• **PROBLEM DESCRIPTION**: Your answer must be the exact lines below, starting with the line with "幻想的なフレーズから始まるロックEDMの未再生の波形" and going on through the line with "цены Майский Дачные", both included, with no pictures.

• **EXERCISE MATERIALS**:
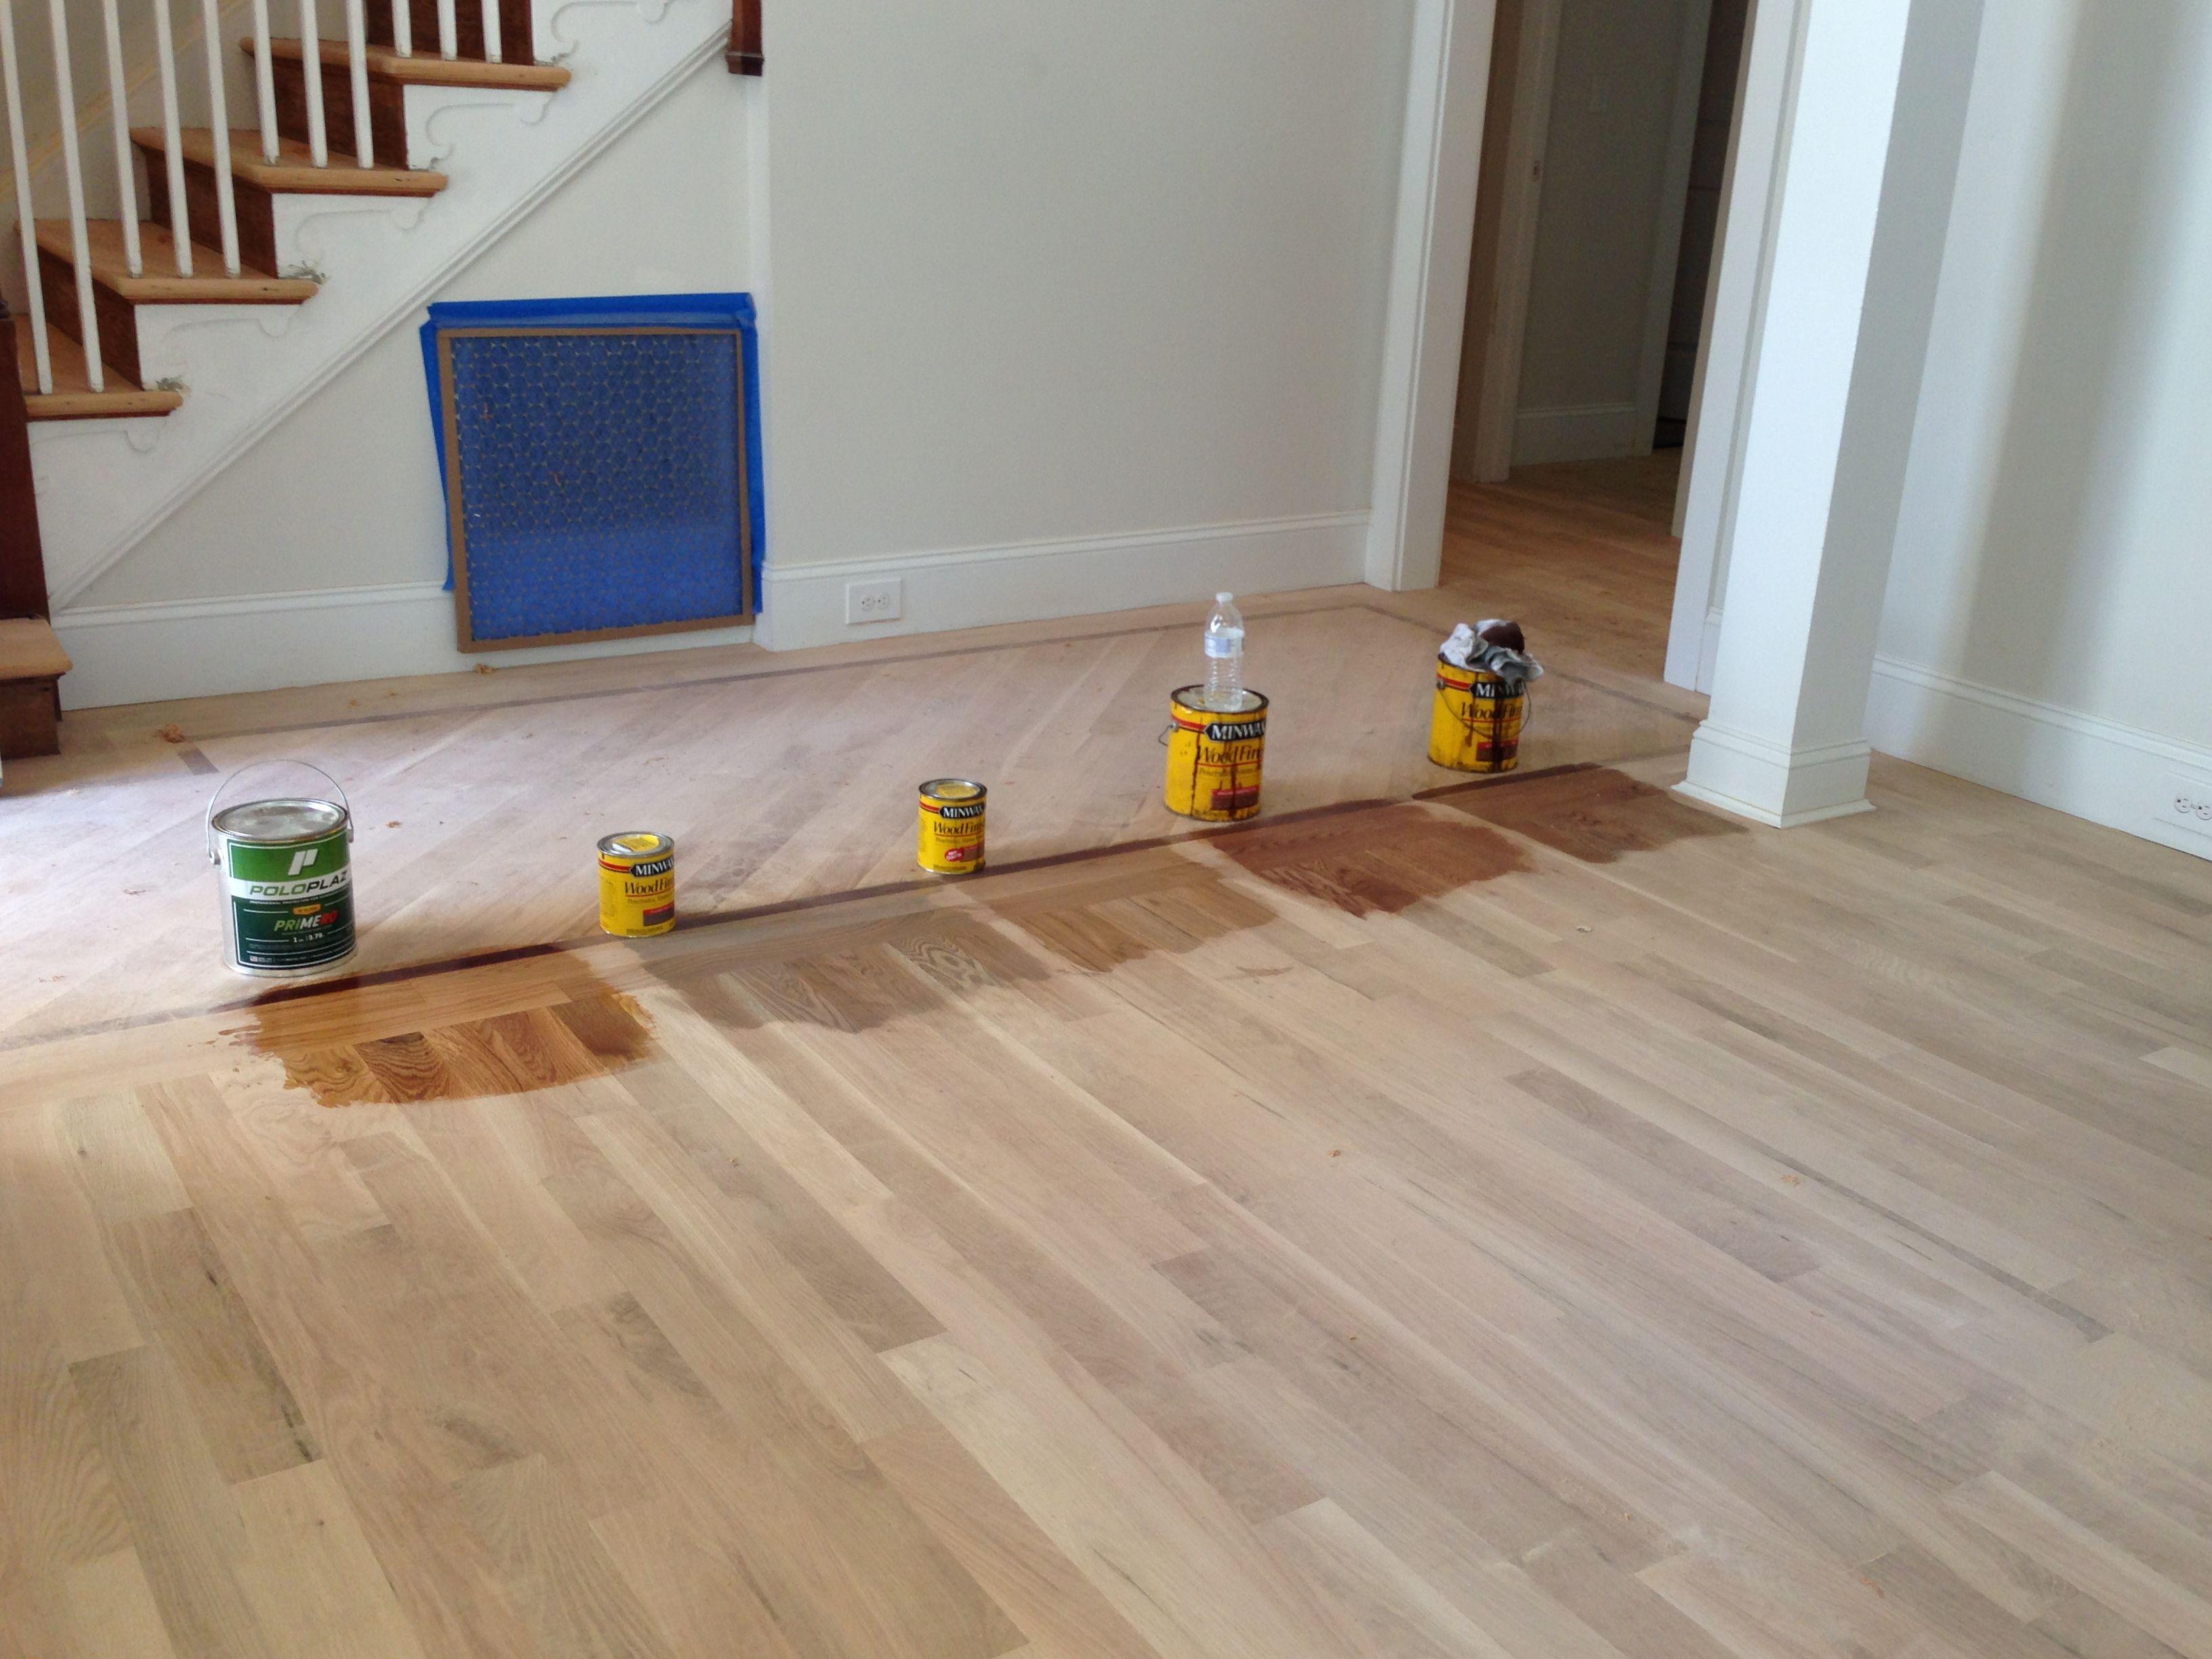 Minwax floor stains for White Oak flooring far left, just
==
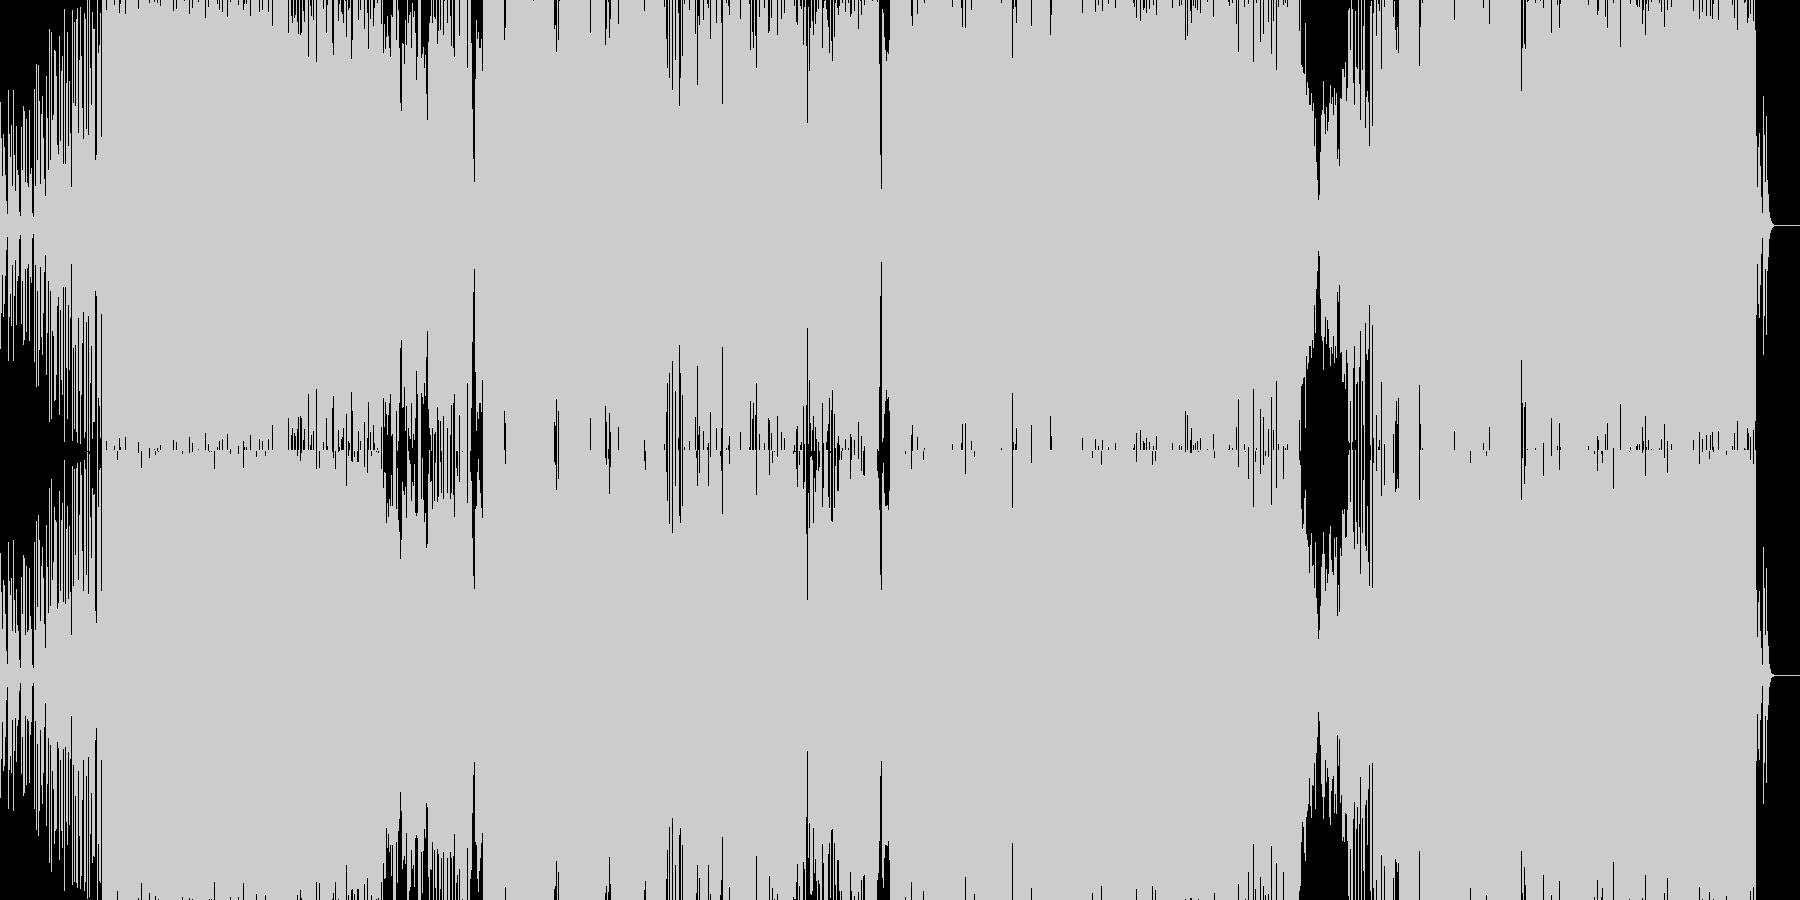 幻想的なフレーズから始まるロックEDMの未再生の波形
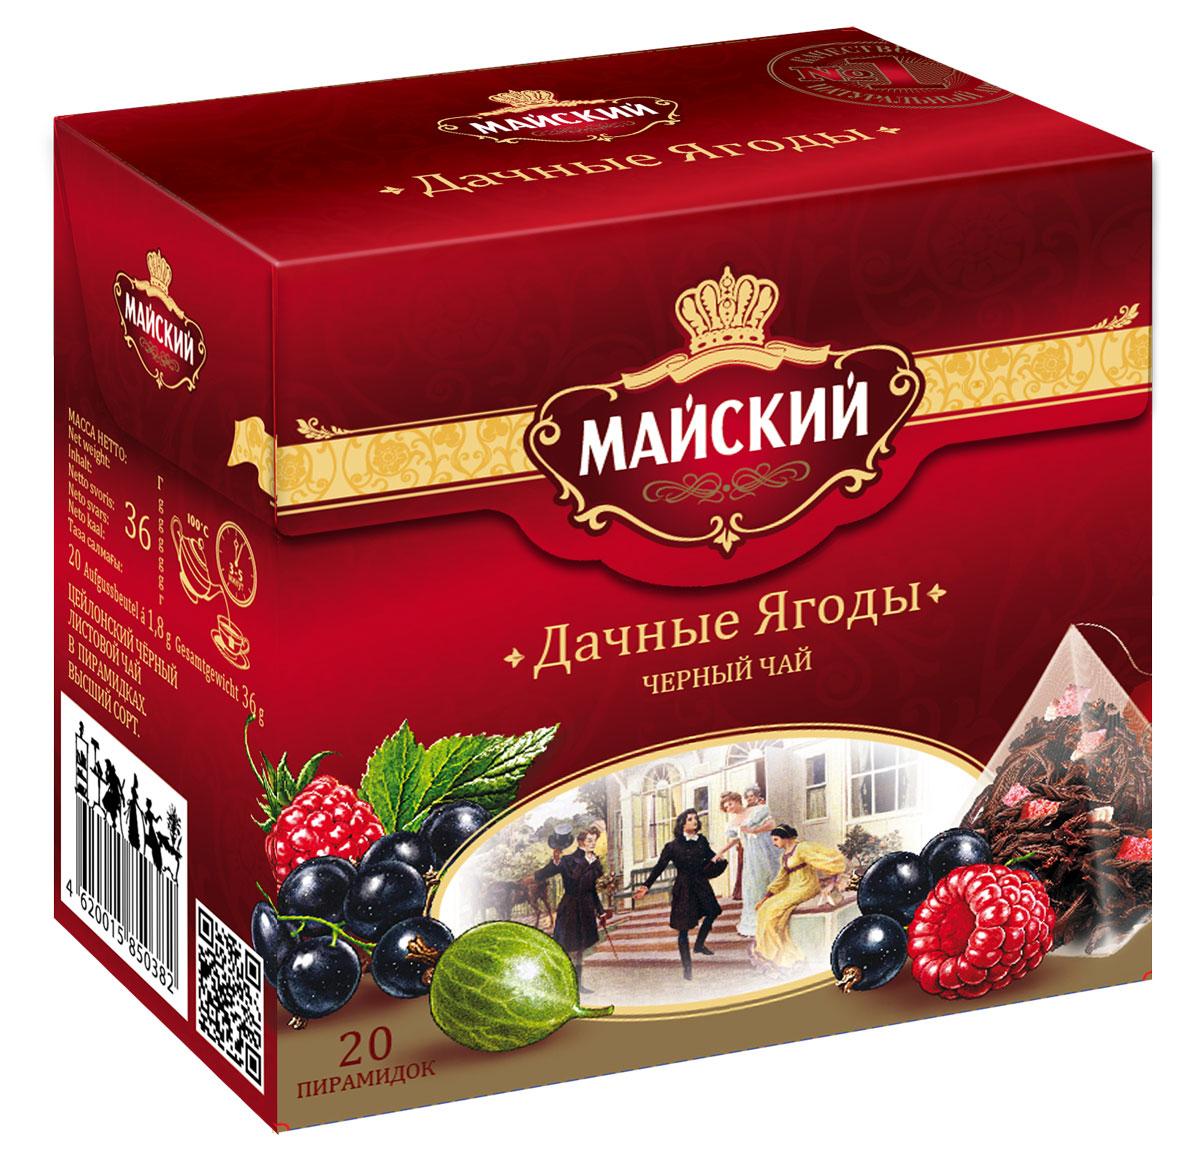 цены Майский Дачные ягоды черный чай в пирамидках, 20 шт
* * *
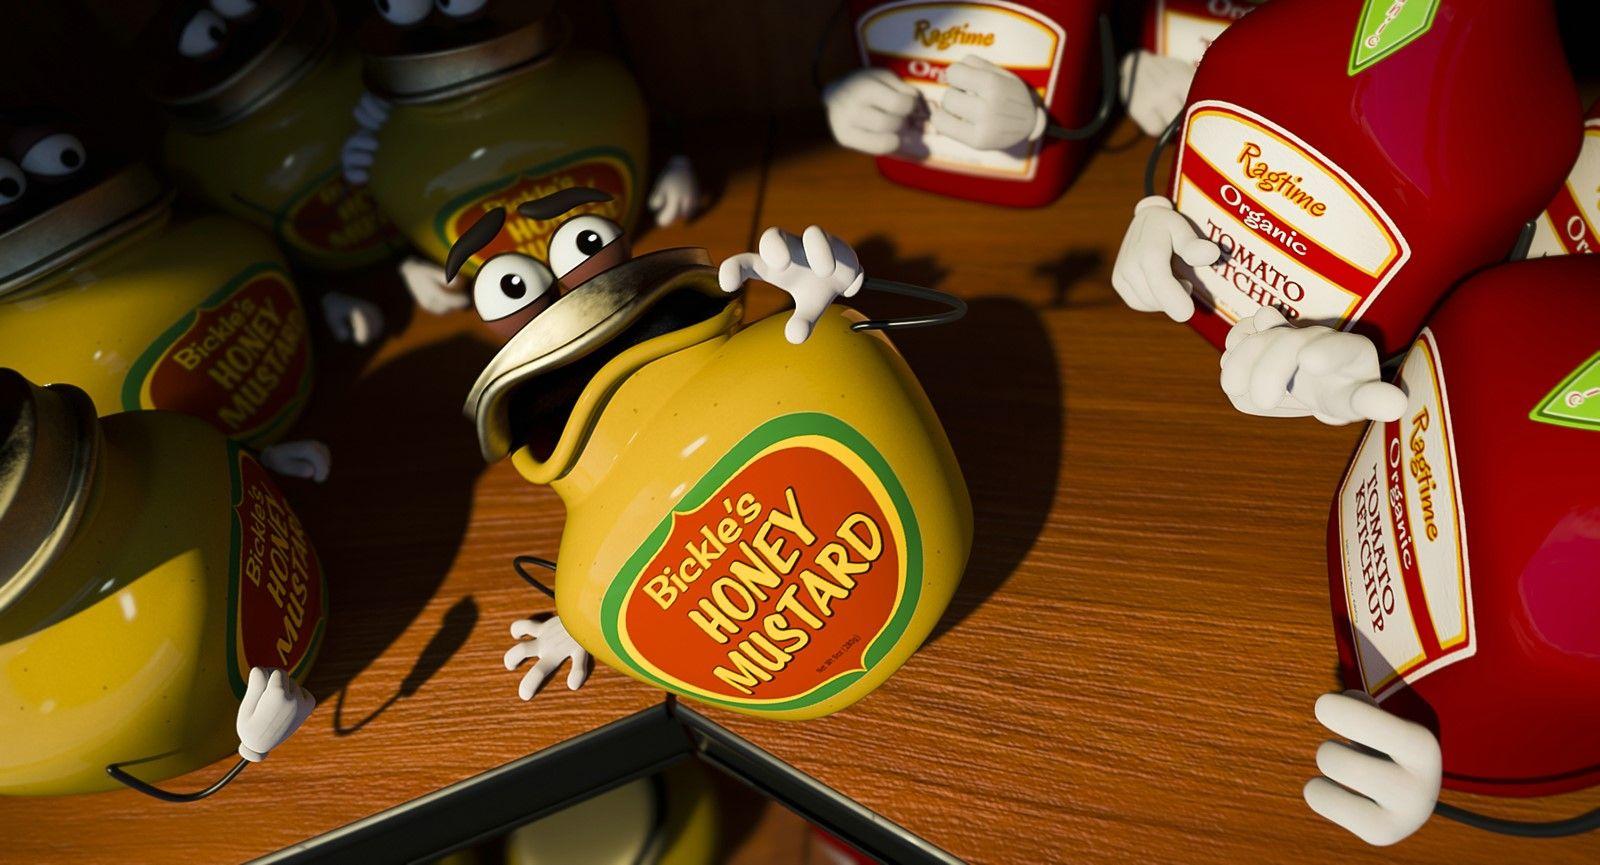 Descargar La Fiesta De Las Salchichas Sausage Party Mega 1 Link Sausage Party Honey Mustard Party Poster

• **YOUR SOLUTION**:
 幻想的なフレーズから始まるロックEDMの未再生の波形
 цены Майский Дачные ягоды черный чай в пирамидках, 20 шт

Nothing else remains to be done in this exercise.